### Extracted material
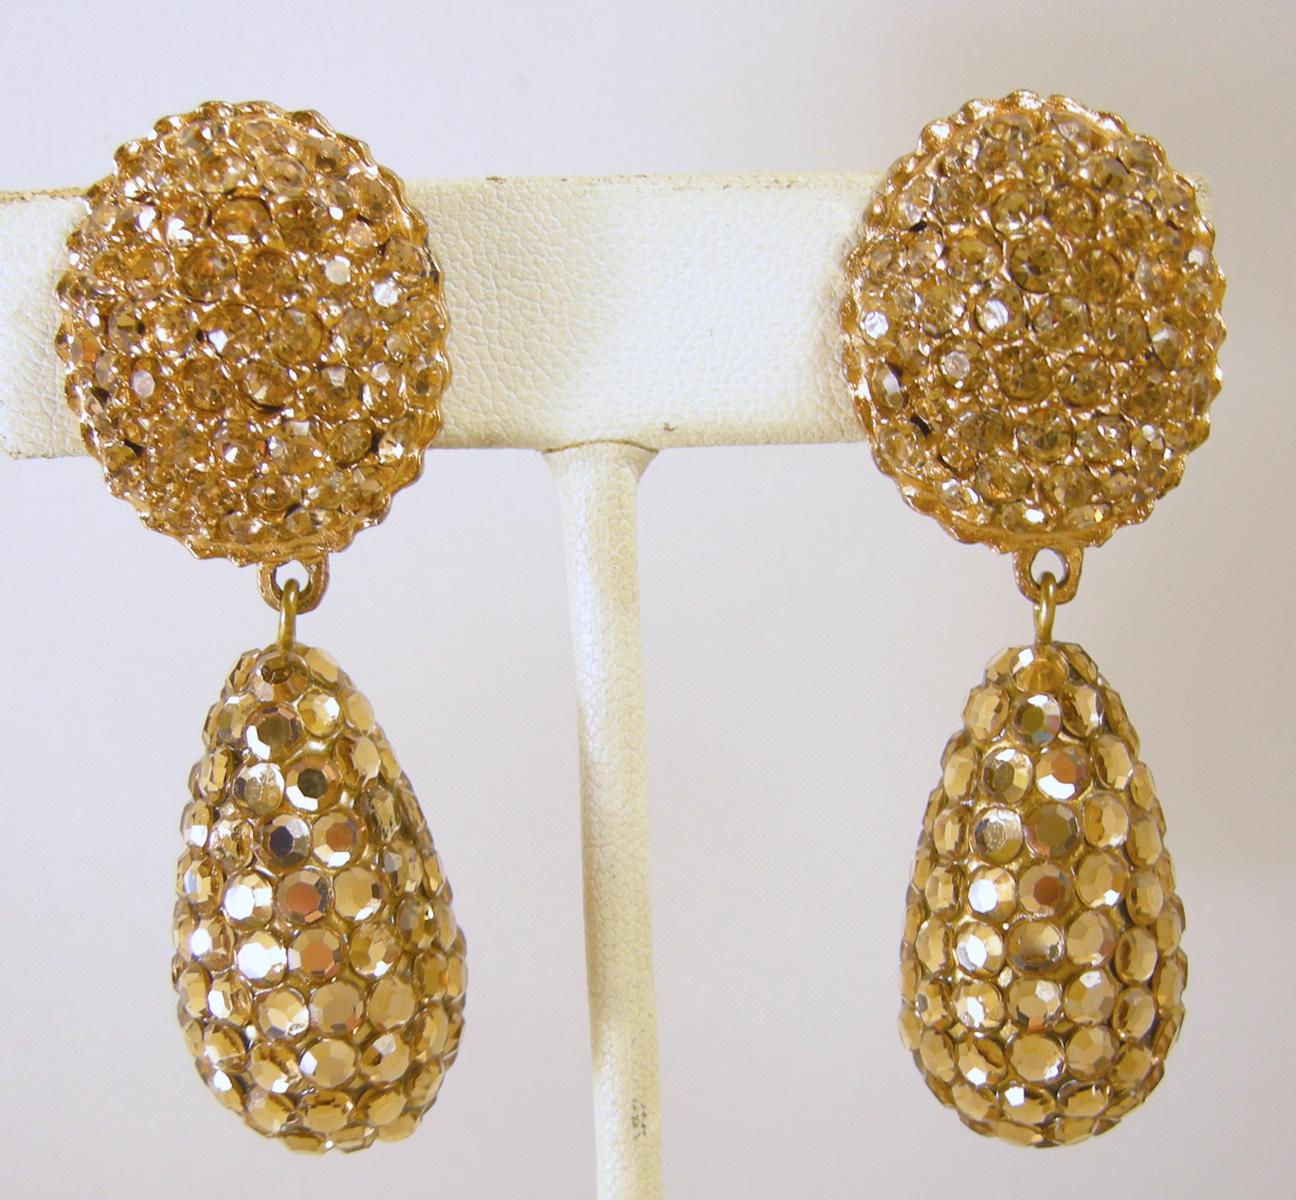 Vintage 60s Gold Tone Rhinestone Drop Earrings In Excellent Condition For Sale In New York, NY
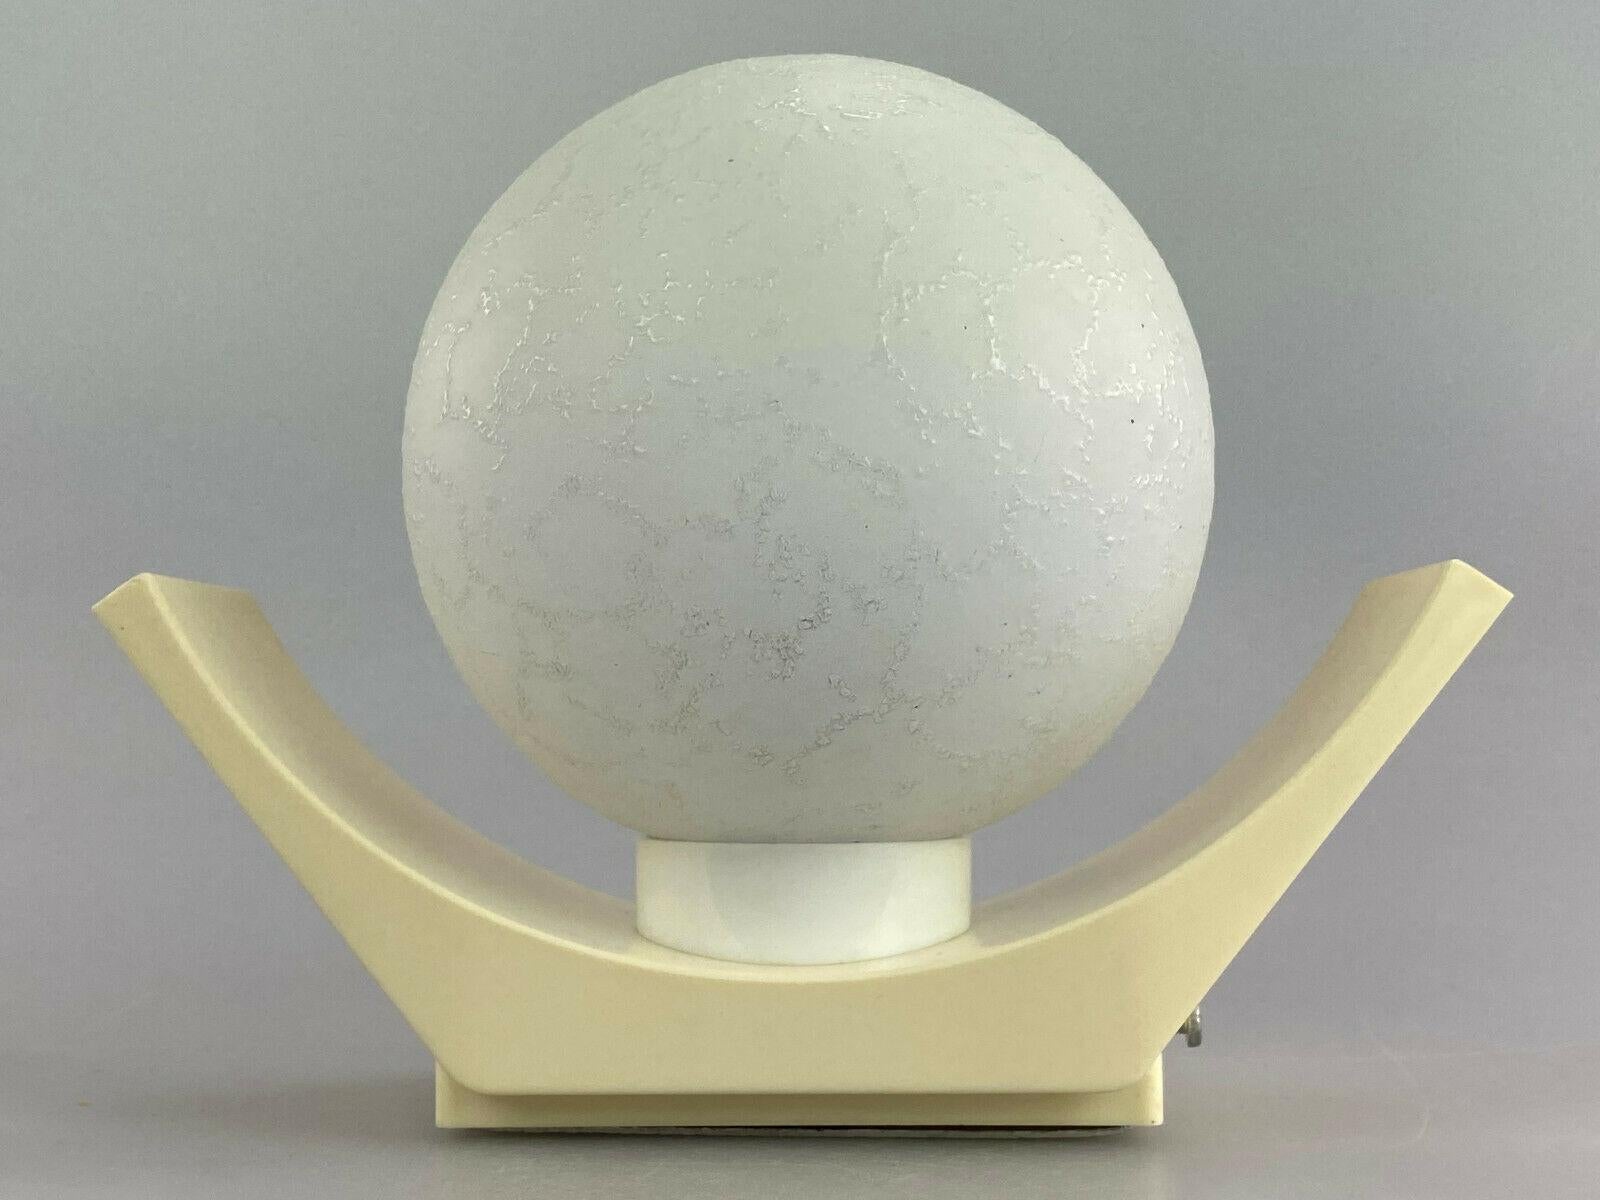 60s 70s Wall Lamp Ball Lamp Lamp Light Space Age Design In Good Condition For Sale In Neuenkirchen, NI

...

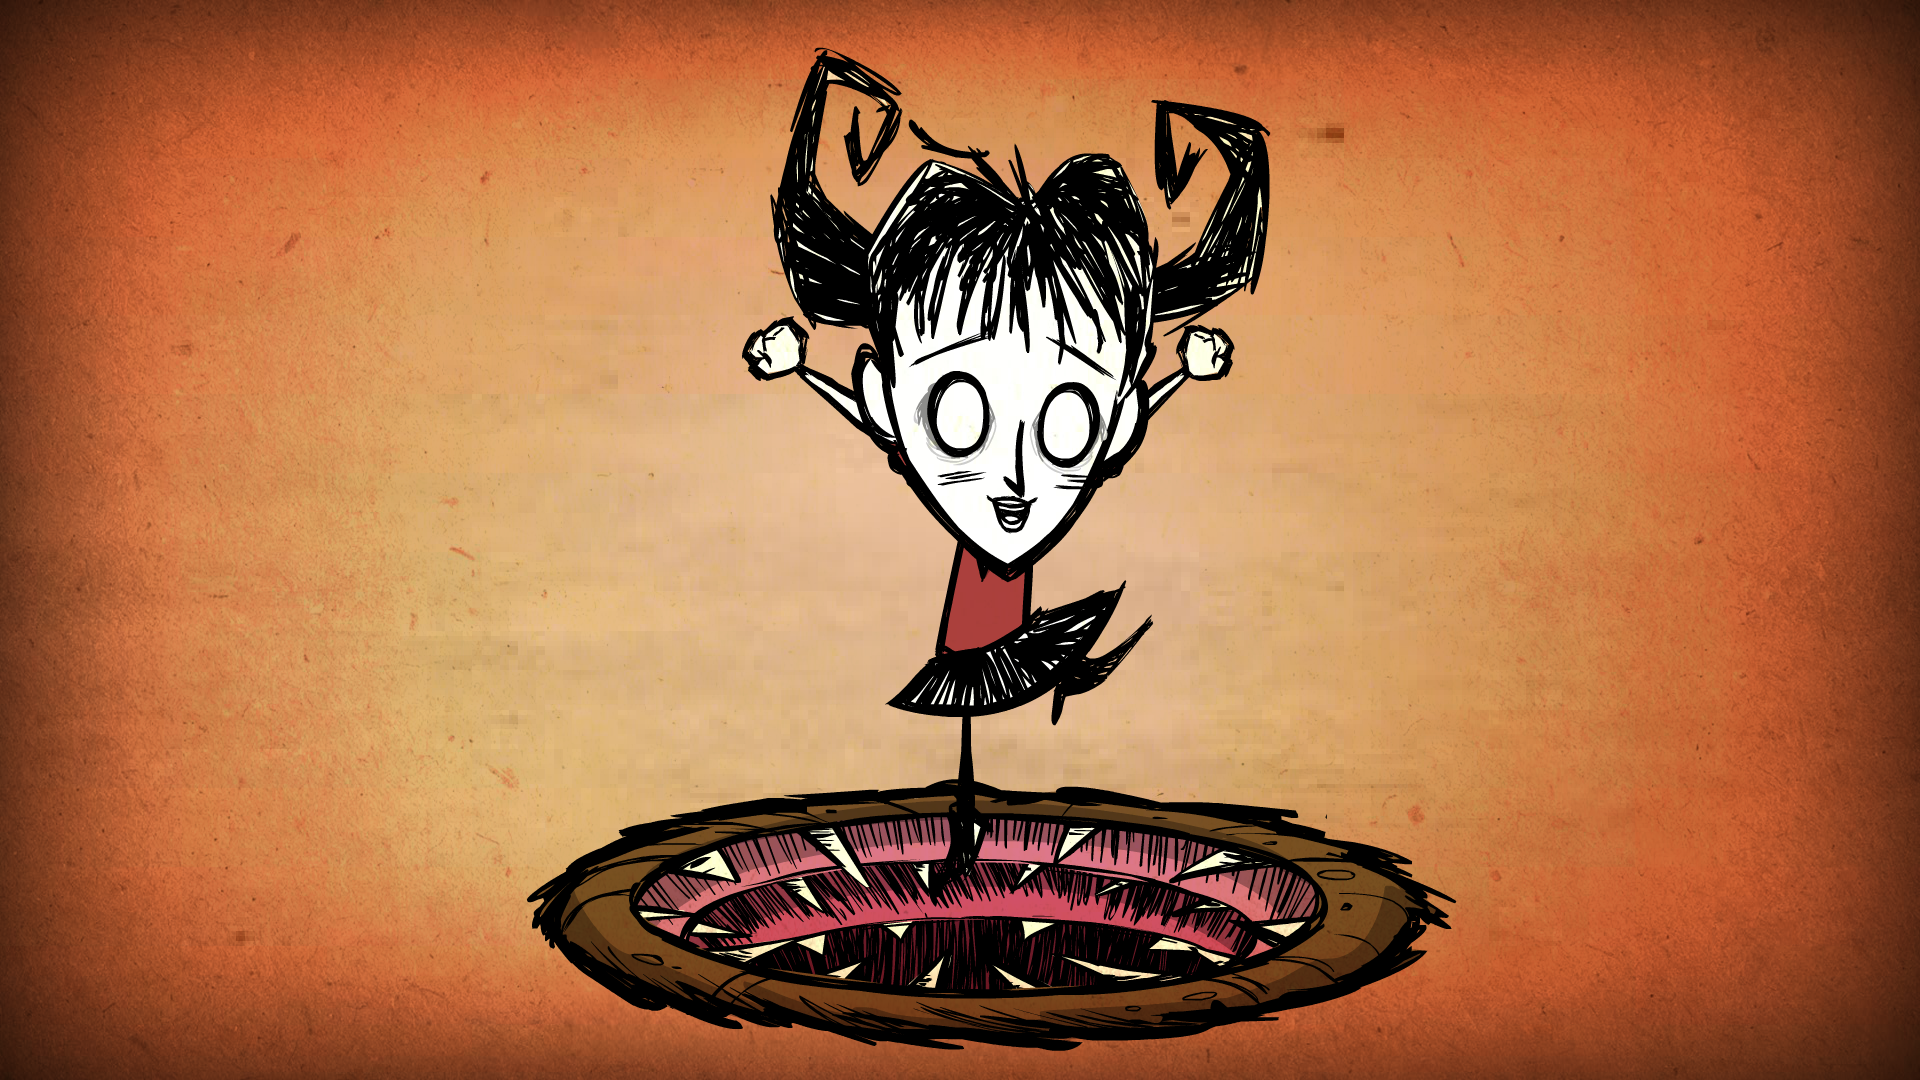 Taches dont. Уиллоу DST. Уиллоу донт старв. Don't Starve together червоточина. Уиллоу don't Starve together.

### Work to be completed
What's needed is an exact copy of the lines above from the one with "Vintage 60s Gold" through the one with "60s 70s Wall", both included; the pictures stay out.

### Solved problem
 Vintage 60s Gold Tone Rhinestone Drop Earrings In Excellent Condition For Sale In New York, NY
 60s 70s Wall Lamp Ball Lamp Lamp Light Space Age Design In Good Condition For Sale In Neuenkirchen, NI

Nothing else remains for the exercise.